There are significant gender differences on disaggregated cooperation rates within social groupings (Charness & Rustichini, 2011; Croson et al., 2008). Females signal cooperativeness in both bonding and bridging relations while males signal cooperativeness only in bridging relations and formidability in bonding relations (e.g. Charness & Rustichini, 2011). One possible explanation to this dynamic is that females are more risk averse compared to males (Croson & Gneezy, 2009; Eckel & Grossman, 2008) and thus fear reprisals from their social groups more than their male counterparts (Brody, 1993). This leads us to our first hypothesis, which we subdivide into two:

H1.1. Female-headed households are more likely to have bonding social capital than their male counterparts.

H1.2. There are no gender differences in the household propensity to have bridging social capital.

Intra-community ‘bonding’ ties provide families with a sense of identity and belonging which compels them to work with a common purpose (Astone et al., 1999; Chriest & Niles, 2018). The same view also stresses that intercommunity ‘bridging’ ties broadens the scope of interests that households and communities pursue but are often weak. Empirical literature reinforces the argument by proving that poor families tend to live clustered together with very strong bonding relations and lack broadened bridging relations which is a phenomenon highly associated with well to do households and communities (Kozel & Parker, 2000; Moser & Holland, 1998; Woolcock & Narayan, 2000). This leads to our second hypothesis:

H2. Households are more likely to be spatially located in proximity to other households with similar form of social capital.

During times of stress due to food supply shocks, households in developing countries can bank on their social capital through kinship, solidarity and mutual cooperation to facilitate access to food (Kuwabara, 2005; Lippman et al., 2013; Misselhorn, 2009). Ordinarily, when faced with food insecurity, households look to formal government and non-governmental institutions for relief and social protection. However, formal institutions have deficiencies which exclude various groups from benefiting (Thorat, 2009). Some of the exclusion factors include political affiliation, religion, ethnicity, gender, perceptions and information asymmetry among others. This results in various groups forming local partnerships based on mutual understanding to plug the exclusion gap and aid each other during times of need (Stavropoulou et al., 2016). We therefore propose the following hypothesis linking social capital to food security:

H3. Social capital improves household food security status.

Both formal and informal assistance during times of food stress seems to favour women more than men. Formal institutions often use algorithms that prioritise women such as widows and single mothers when providing food assistance in communities threatened by food insecurity (e.g., Lenhart, 2021). Informal institutions likewise value mutual trust and females are considered more trustworthy compared to males (Gilligan, 1982). On average, women have more to lose by failing to cooperate in societal programmes. If households cooperate with other households by adopting a socially responsible action, they avoid possible punishment in the form of local level sanctions (Bardhan, 1997). They also reduce the opportunity cost of working in an untrustworthy manner, which improves future transactional engagement (Granovetter, 1985; Durlauf & Fafchamps, 2005). This solves the free-rider problem by reducing opportunism and selfish behaviour through interactive means (e.g., Abreu, 1988).

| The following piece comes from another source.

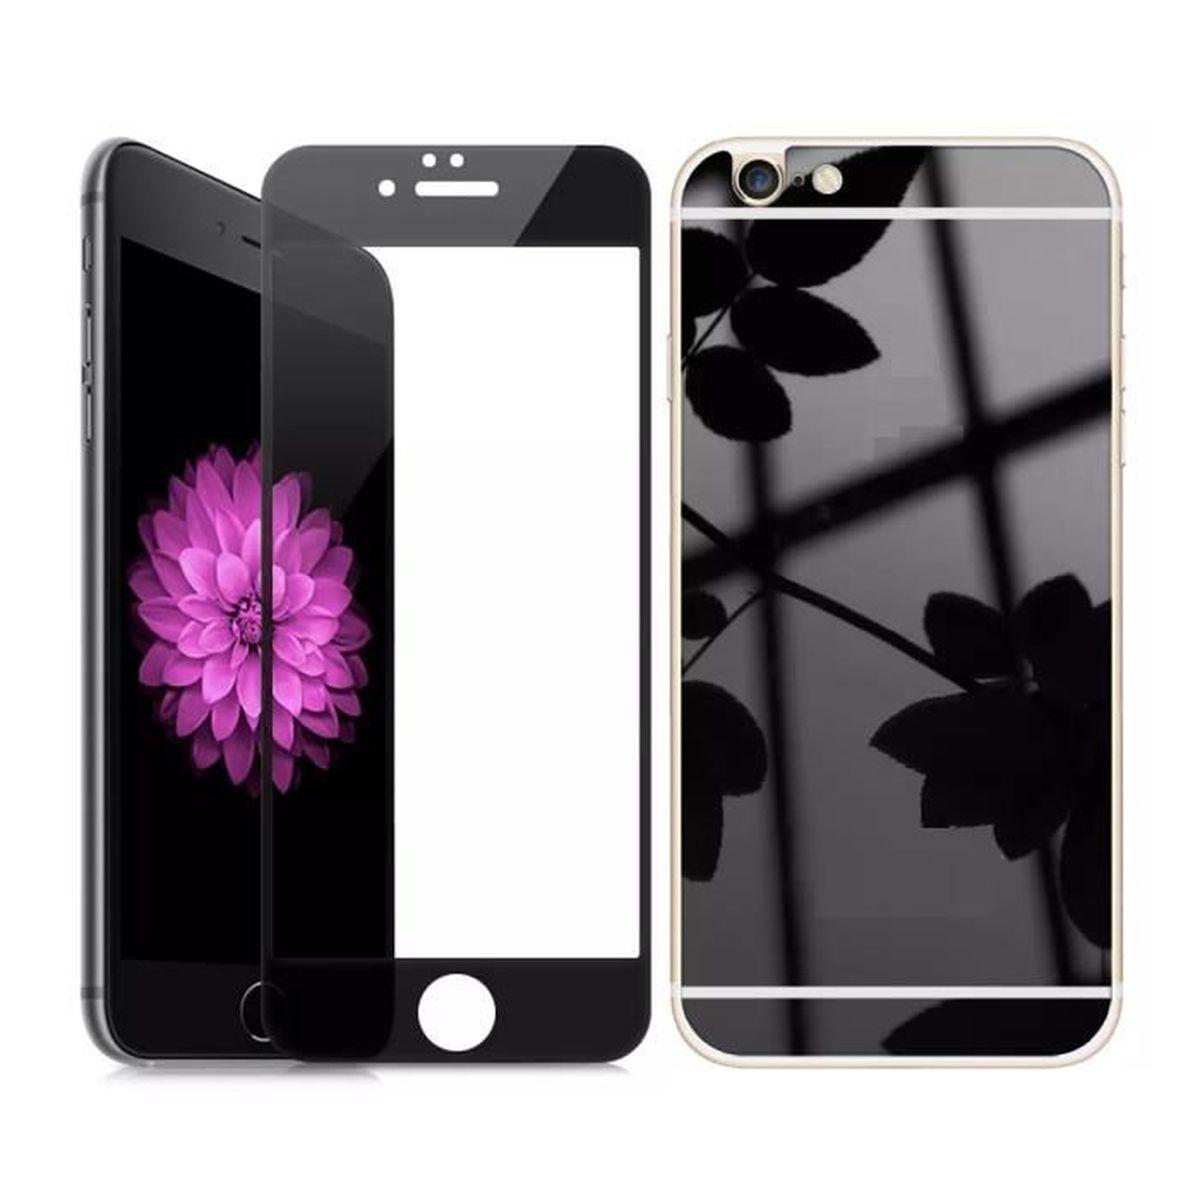 Coque iphone 4s avec miroir

Women perceive themselves as part of a network of social relations and consider themselves morally obligated to contribute to their network’s welfare (e.g. Gilligan, 1982). Men, on the other hand, underscore their rights as individuals over the group and view their environment as a system of hierarchical relationships (e.g., Eagly, 1987). Gender differences in perceptions of social relations are the basis of gender heterogeneity in the kind of assistance and reciprocal services received from social relations. We therefore infer that the high likelihood of females to cooperate in social activities increases their chances of receiving assistance during times of stress. We therefore advance the following hypothesis linking gender, social capital and food security:

H4. Female-headed households with social capital are more able to increase their food security status compared to male headed households.

3 Materials and methods

3.1 Sample

This paper uses a nationally representative household data on rural and urban livelihoods from the 2019 cross-section surveys conducted by the Zimbabwe Vulnerability Assessment Committee (ZimVAC) which is a consortium comprising of the Zimbabwean government, UN agencies and non-governmental organisations. The total sample size comprises16,556 households with 9926 households in the rural areas and 6630 households in urban areas. The gender disaggregation of the total sample comprises 8053 female-headed households and 8503 male-headed households.

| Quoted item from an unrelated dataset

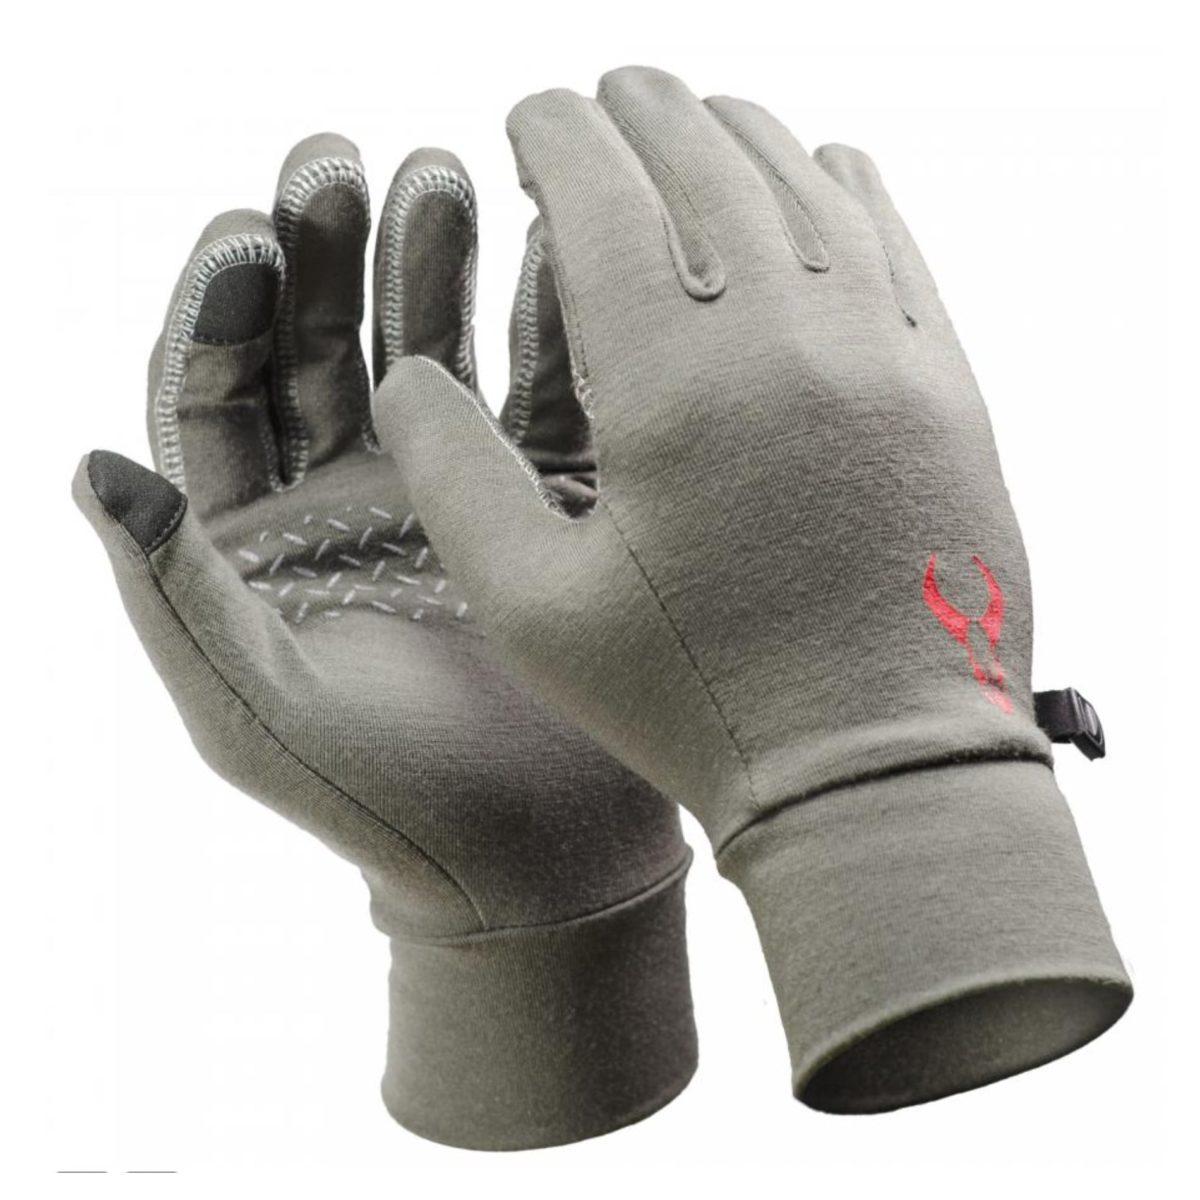 Badlands Merino Liner Gloves

3.2 Measurement of key variables

3.2.1 Household food security

This study uses the household dietary diversity score as a proxy for the household food security status. According to Ruel (2002) household dietary diversity is a useful indicator of household food security since it encapsulates the main components of food security. Similar studies that have used dietary diversity score to proxy food security include (Shaw, 2007; Gibson, 2012; Carletto et al., 2013). Dietary diversity is a measure of how many foods or food groups a household consumes over a given period of time. We derive the household dietary diversity score by measuring how many food groups out of 12, were consumed by the household during the week preceding the survey. Consequently the household dietary diversity score ranges from 0 to 12. The higher the household dietary diversity score the more food secure the household is.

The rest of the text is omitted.